Brightstar does their manufacturing in Mainland China, not Taiwan. Only their corporate offices are in Taiwan. Their reputation for quality typically leaves something to be desired. They have made the cheap auto conversion kits for a few years.


----------



## LEDcandle (Dec 8, 2005)

LOL... everyhing is made in China nowadays, even US products. What I meant by "Taiwan manufacturer" was considering their head office location. 

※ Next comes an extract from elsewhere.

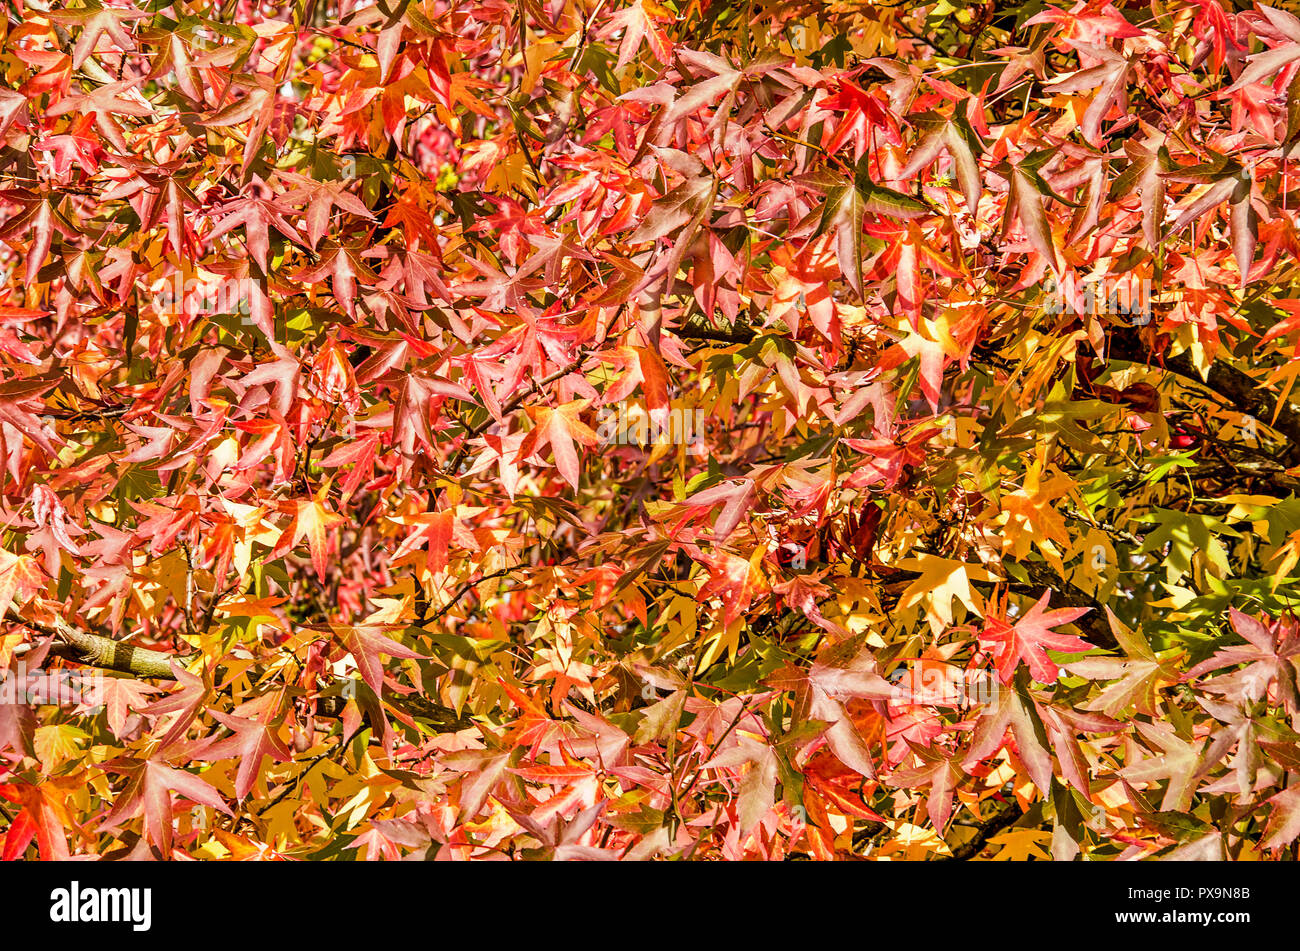 Viele Blätter von sweet Gum Trees, oder Liquidambar styraciflua, in verschiedenen Farben von Grün über Gelb und Orange bis Rot, an einem sonnigen Tag im Herbst Stockfoto
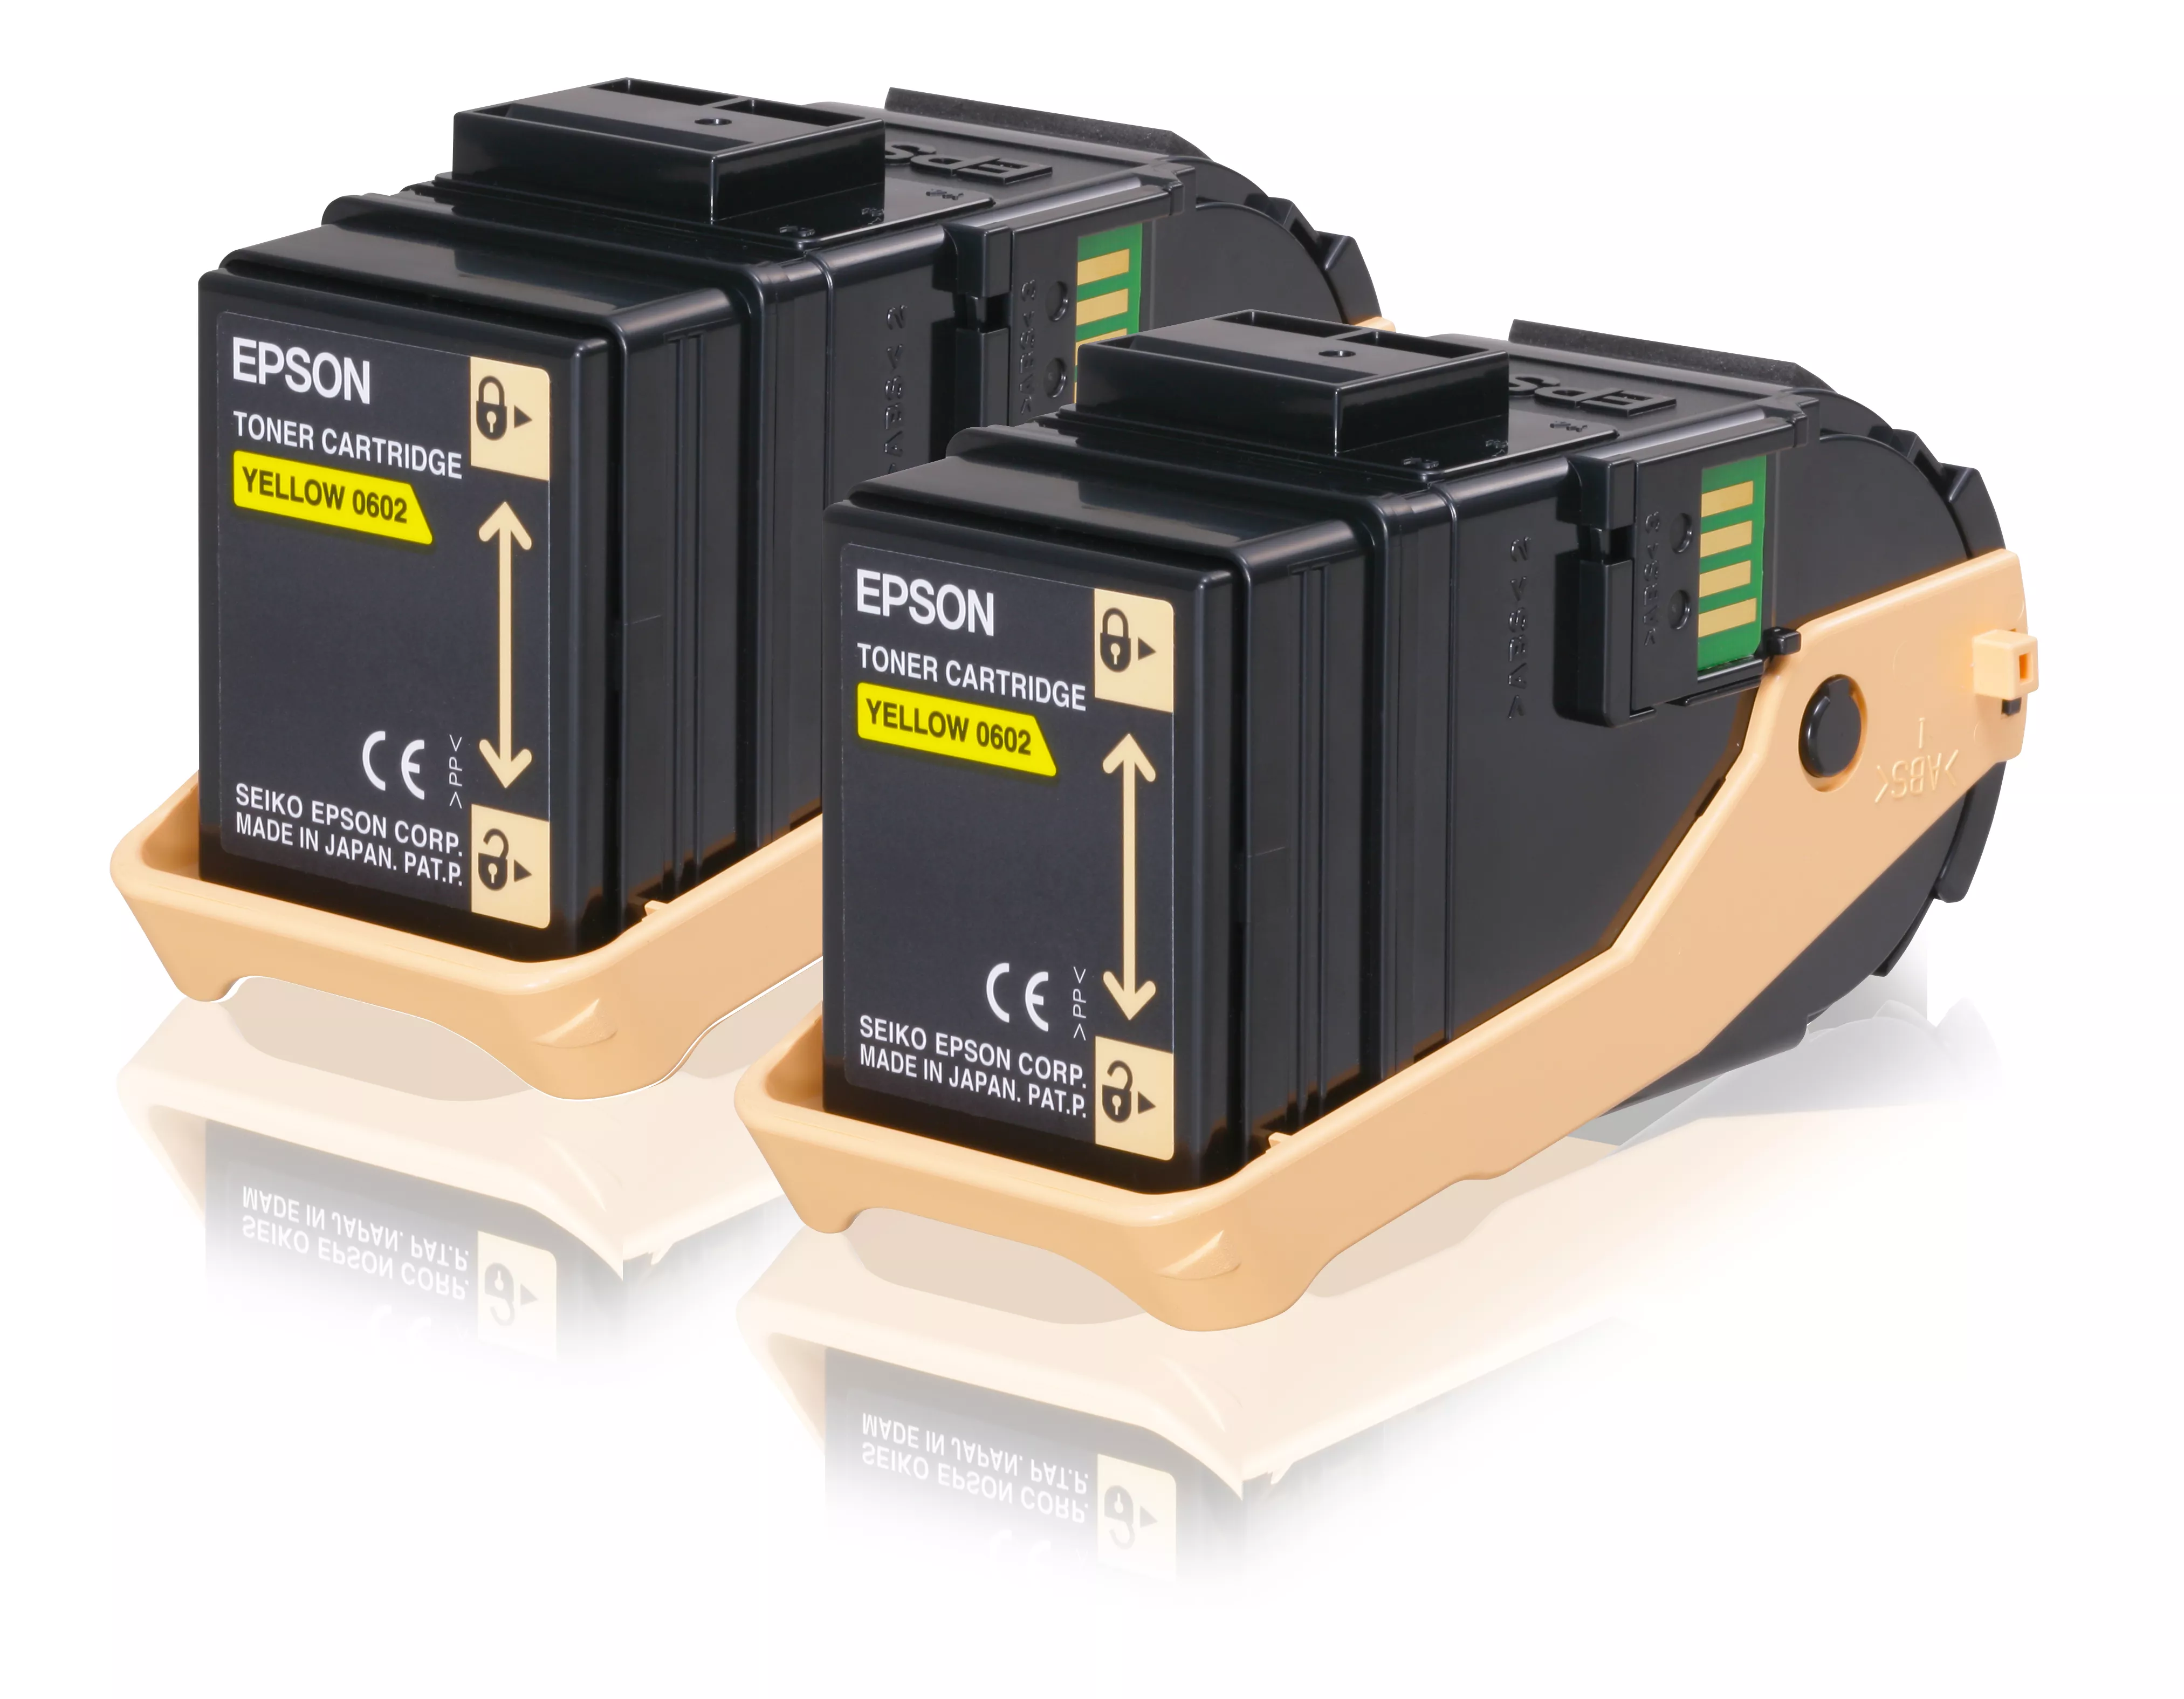 Revendeur officiel Toner EPSON AL-C9300N cartouche de toner jaune capacité

The build and look of the light is really solid... so are the parts (Except those filters). Hopefully they function well and long too.


----------



## XeVision (Dec 8, 2005)

LEDcandle said:


> The build and look of the light is really solid... so are the parts (Except those filters). Hopefully they function well and long too.


 
I was speaking of the quality of the burner and the ballast. Not the exterior "show" components. The fact that it flickers when you turn it on and that hot restriking is bad for it possibly confirms that concern. One issue though in making something compact is that sometimes designs are compromised out of necessity to meet other higher priority goals such as size, weight, shape etc.


----------



## Grox (Dec 8, 2005)

A tint variation of about 5% while operating is normal in HID lights. I've also heard that the light might need a little bit of break in.


----------



## Maximus (Dec 10, 2005)

Hi all. A word of caution concerning the lamp/ballast. Make sure the reflector is not loose in relation to the ballast. Mine was starting to develop some movement after disassembling the flashlight a few times. The bulb is potted to the reflector so any movement between reflector and ballast will strain the wires to the bulb - not good. I cured this by very carefully removing the 2 screws on the collar under the reflector and useing some quick set epoxy. Seems to have fixed it very well. Also If you need to take the flashlight apart its best to remove the switch tail cap first and battery and not the head unit to reduce the risk twisting the reflector against the ballast. I would much prefer to see the lamp and ballast unit as seperate items.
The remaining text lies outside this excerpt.